The first kind of evidence is that people favourable to the banks were in Washington during the lead-up to the crisis. The two most prominent examples are Hank Paulson, who was Treasury Secretary between 2006 and 2009, and Tim Geithner, who was president of the New York Fed between 2003 and 2009. Paulson had been the CEO of Goldman Sachs between 1999 and 2006. Of course, by itself this fact is very weak evidence that he put his old institution's interests before the tax-payer's. However, there are a couple of additional reasons to suspect he might have done. First, Lehman Brothers--Goldman's biggest rival--was allowed to fail, yet AIG, which owed money to Goldman at the time, was bailed out. Second, on September 18th, 2008 (the day of the run on US money market funds) Paulson corresponded with Lloyd Blankfein, who succeeded Paulson as CEO of Goldman Sachs, more than with any other person in Washington except Ben Bernanke. Geithner has been accused by Sheila Bair, the ex-head of the FDIC, of putting the interests of bailed-out institutions' creditors before those of the US tax-payer. Similar accusations have been made against him by Neil Barofsky, the special inspector general of TARP and author of Bailout. Indeed, Geithner was ostensibly described by one Wall Street banker as "our man in Washington."

The second kind of evidence is that the largest Wall Street banks seem to enjoy a "too big to fail" subsidy. In particular, they face lower borrowing costs than their rivals because of the implicit government guarantee on their debts. According to a report by the Independent Community Bankers of America, of 15 studies that investigated the existence of the "too big to fail" subsidy, 14 found evidence that it existed, whereas only 1 did not, and that study was carried out by JP Morgan Chase. More recently, a study by Goldman Sachs found that the "too big to fail" subsidy has generally been small in magnitude, was largest during the financial crisis, but has since become negative. However, as the Bloomberg article reports, the economist Simon Johnson "said that Goldman Sachs' report proves the value of the too-big-to-fail subsidy because it shows the biggest banks enjoyed a large advantage during the financial crisis".

The third kind of evidence is simply the long list of bailouts that preceded those of 2008. Franklin National Bank was bailed out in 1974; Continental Illinois was bailed out in 1984; a large number of financial institutions were bailed out in 1989 following the S&L crisis; and several Wall Street banks were indirectly bailed out in 1994 when the Mexican government was loaned $50 billion to pay off its creditors after the peso crisis.
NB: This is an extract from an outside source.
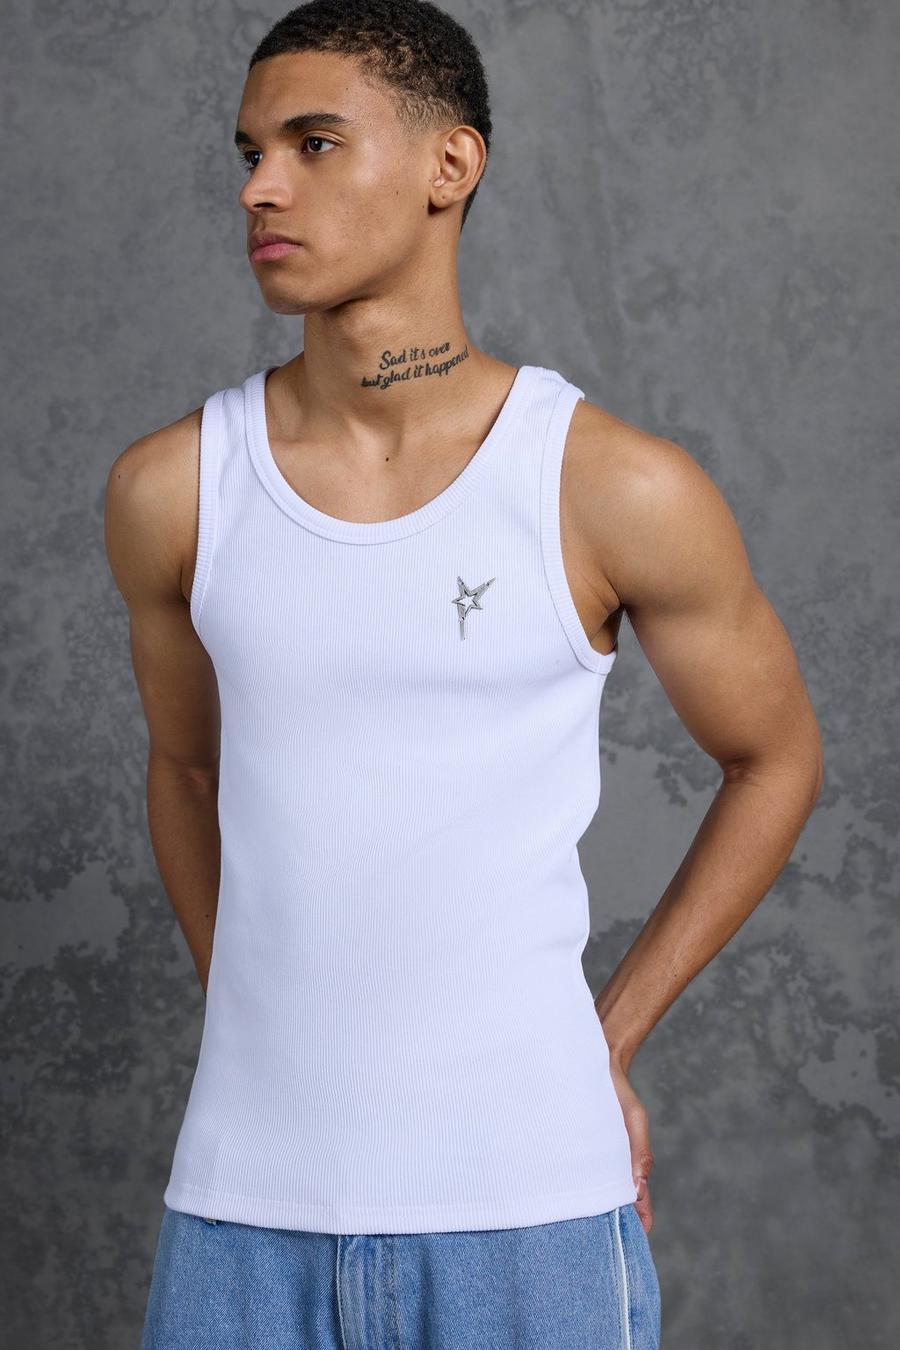 Geripptes Muscle-Fit Tanktop mit Metall-Sternen, White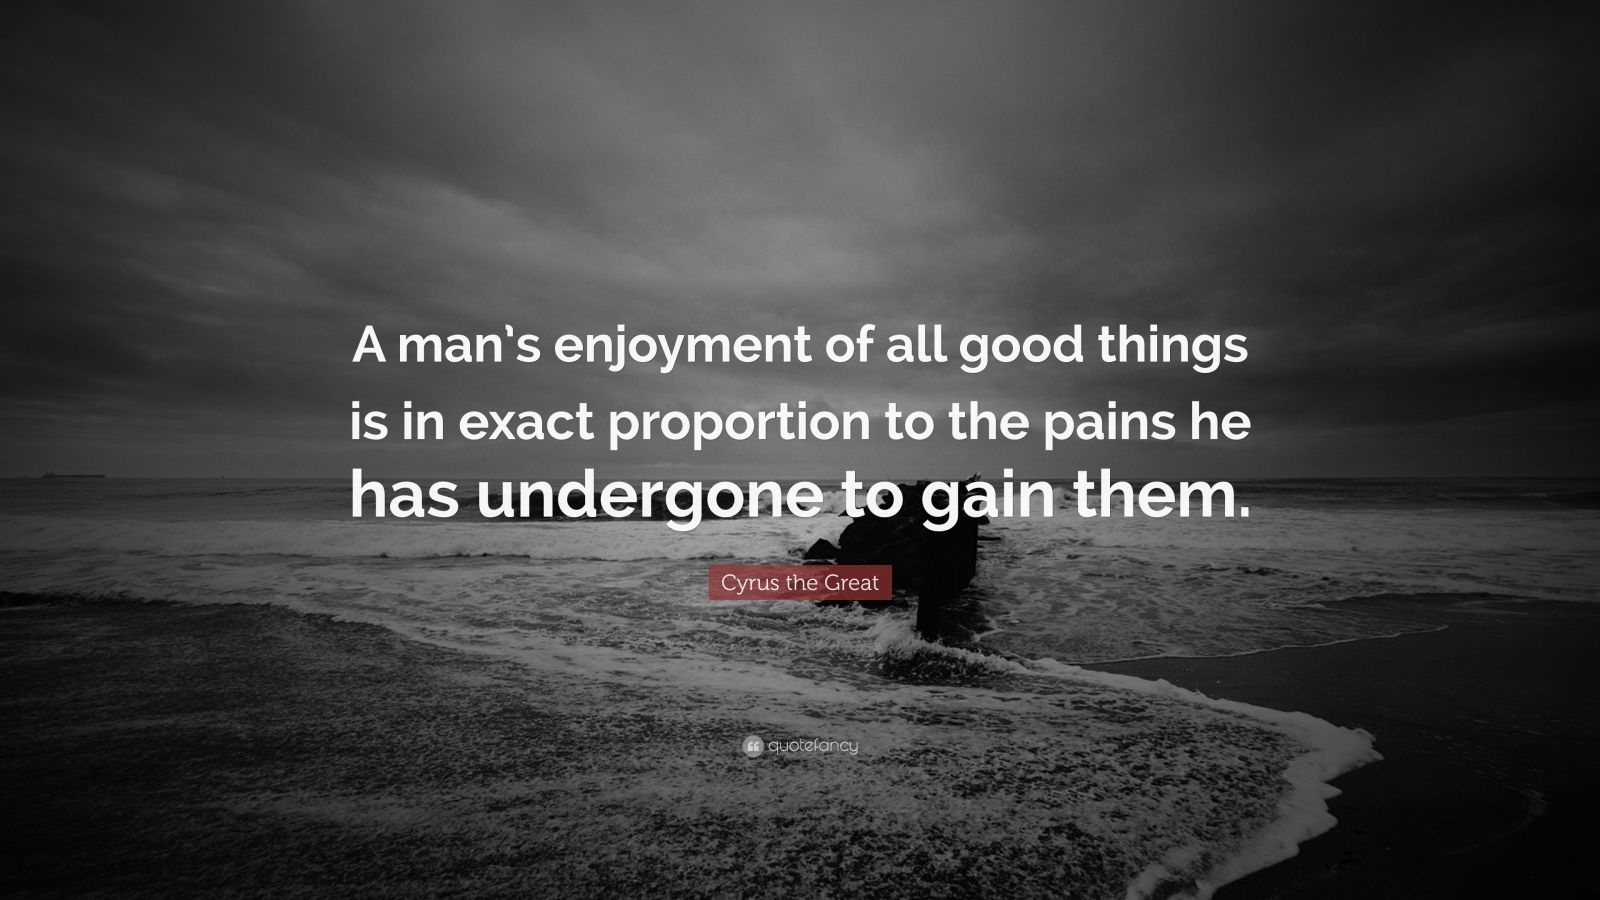 Cyrus the Great Quote: "A man's enjoyment of all good things is in exact proportion to the pains ...

In addition, LTCM's bailout in 1998 was organised by the New York Fed and was helped-along by easy monetary policy on the part of the Federal Reserve (though it was not taxpayer funded). Finally, a number of large non-financial institutions have been bailed out by the US government over the years. These include: the Penn Central Railroad in 1970, Lockheed in 1971, New York City in 1975, Chrysler in 1980, and the airline industry in 2001.